An academic year begins. We reflect on what a man learns in school. We begin with a passage in Pierre Manent’s incisive book, Seeing Things Politically [1]: “You know, the first thing one learns in the last year of lycée is that man is a historical being. This means that man has no nature, that he, in a way, creates himself in history.” I am not confident that American students, unlike the French, would recognize here anything that they explicitly learned in high school. But probably, when sorted out, it is something that they implicitly lived but had never heard fully formulated –or adequately critiqued.

On arriving at most any college, however, from the moment that freshmen students hear mandatory dorm “rules” to their first (and later last) law, history, psychology, English, philosophy, or religion classes, this idea that man is “nature-less” will recur in multiple forms. College students will frequently hear, not only that man is without a “nature,” but even that “nature” is without a “nature.” We cannot be too careful in protecting our students from such wacky notions that an “order” is found in things, especially in human and even divine things.

At first sight, the next logical step, that man is an “historical” being, seems harmless enough. History is what went on before you and I came along. The question then becomes: “Was it ‘predetermined’ that man has to create his own history?” If he was, it is difficult to see what difference his life makes. Whatever he has become, he had no real part of it since it had to happen the way that it did.

Yet if “what he did become” could just as well have been anything else whatsoever, what difference does man’s life make? Nothing is really at stake whatever he does.

Moreover, if every man is an “historical” being with no “nature,” we really cannot complain when someone else becomes dangerous to us, becomes something that we do not like. He is just as much an “historical” being as we are. He created his own “being” just as I created mine. Neither of us has any grounds for agreement or disagreement.

We formalize this thought: We are “free” to become whatever it is we want to be. The only question that anyone can ask of us is this: “Is this what you want to be?” If we say “no,” then the only logical response is: “Well, go become something else.”

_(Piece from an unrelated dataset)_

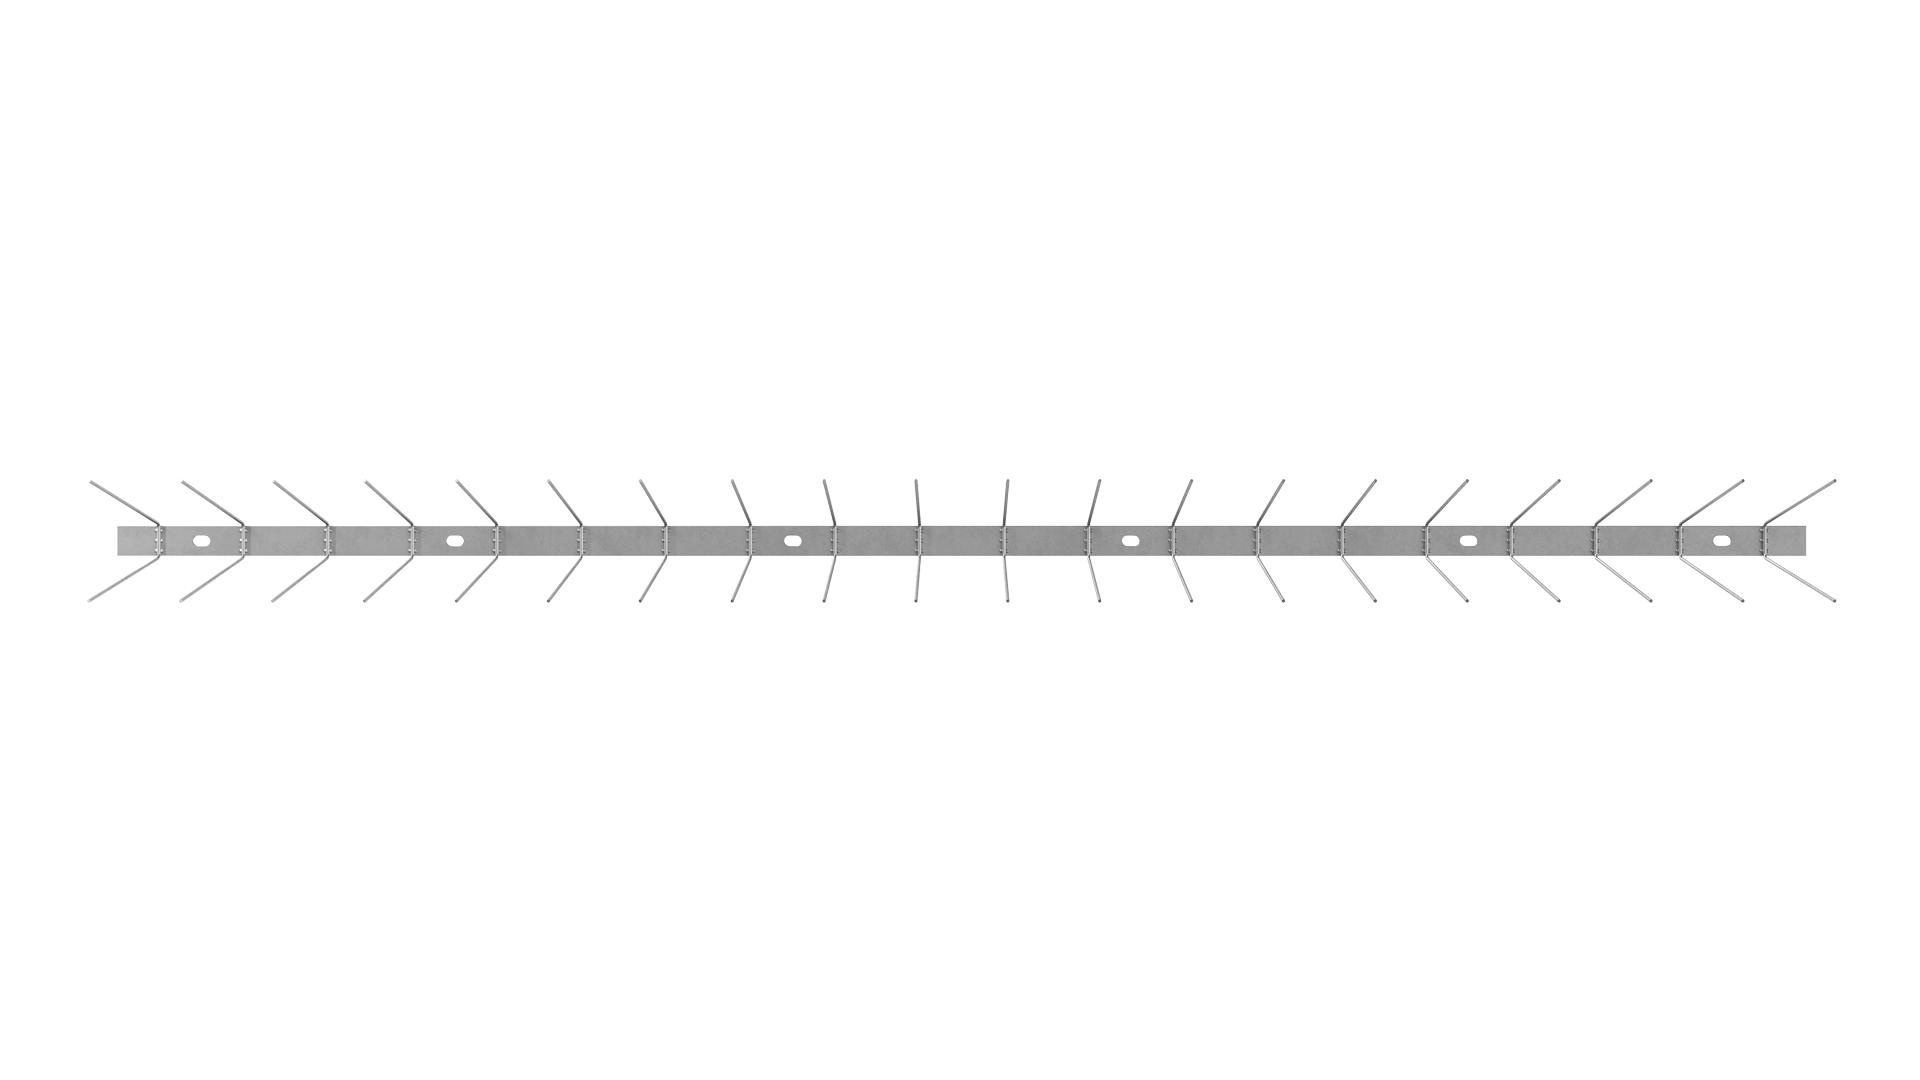 TAS 2er Taubenabwehrspitzen 1m lang, Taubenspikes 1.8 mm stark aus Edelstahl Rostfrei

“Newton” by William Blake (1795) [http://www.blakearchive.org]
            Such thinking is usually cast in the language of “rights.” We have a “right” to be whatever we want. This position gets a bit sticky if we need help (friendship, protection, or goods) in becoming what we want to be. What if the person who can help us does not want to be bothered? Can we force him to our aid? Is that what government is for – to coerce those who can help me to do what I want? We may be creating a monster here, a “Leviathan.”

Can we say that “what I want” is what I “ought” to be? We float again in troubled waters. Can we say of another that he “ought” to assist me in what I want even if he does not want to “create” himself in that image?

Is it possible that something is wrong with this way of approaching things? What is it, we wonder, about this idea, if it is only an idea with no “nature” behind it? It does seem quirky to maintain that we can be whatever we want to be – provided only that we deny that things have “natures.” Maybe the only way that we can be free is if we ought to be something that we are still free to reject. If this is so, history would look very different.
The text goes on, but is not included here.